In United States Patent application No. 2004/0241736, the contents of which are incorporated herein by this reference, Hendee et al. disclose methods and structures adapted to determine one or more attributes in a fluid sample from a spectrum of the sample. Their apparatus includes a light source that can deliver light comprising a plurality of wavelengths to the optical sampling apparatus, a collector that collects light that has interacted with the sample, a spectrometer, and a processor. In general terms, their light source generates infrared light that is directed to the sampling apparatus, where the light interacts with the biological sample. The optical source can optionally comprise a plurality of narrow wavelength devices, such as light-emitting diodes or laser diodes. The exiting light is directed to a spectrometer that yields an absorbance spectrum. The optical measurement system processes the absorbance spectrum using a multivariate calibration model to yield measurements of attributes of the sample, e.g., constituents of a blood sample.

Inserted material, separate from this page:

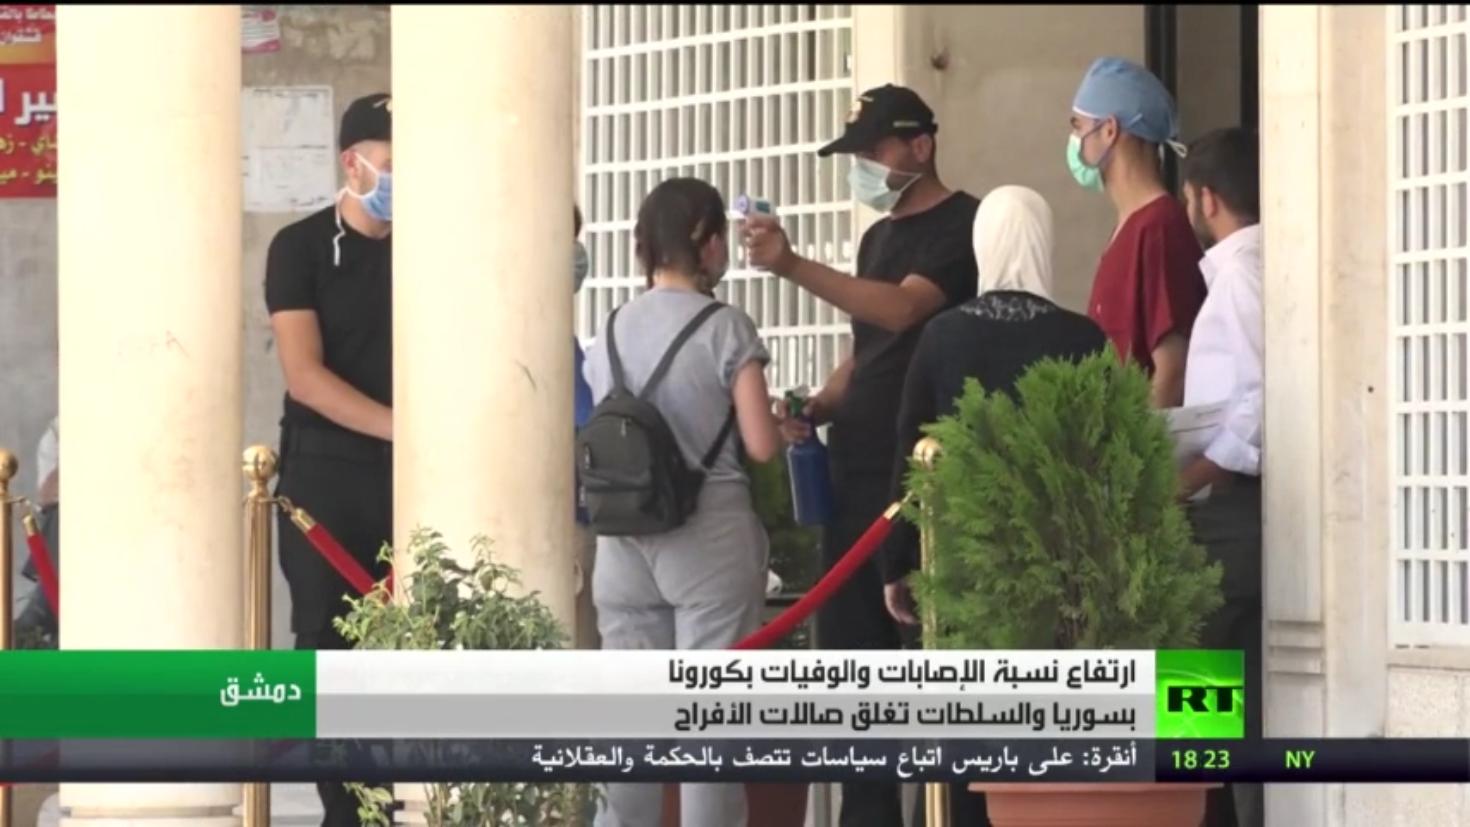 ارتفاع أعداد ضحايا كورونا في سوريا

Additional photometric, or optically based, fluid interrogation systems are disclosed in the patent literature. See, e.g., U.S. Pat. Nos. 6,195,158; 6,315,955; 6,628,395; and 6,791,674. Other relevant published United States utility Patent applications may include 2006/0154327. The entire disclosures of all of the aforementioned patents and patent applications are hereby incorporated as though set forth herein, in their entirety, for their disclosures of structure and methods related to radiologically interrogating fluid samples.
To facilitate increased automation of fluid sample testing, and particularly for body fluid sample testing, an improved fully automated system that can prescreen unopened test tubes for sample content and volume is desired. In addition, the prescreening desirably would include the scanning and identification of different anticoagulants such as citrate, EDTA, heparin, or fluoride, which presently cannot be detected through visual inspection, but may have an effect on the sample analysis procedure and/or result.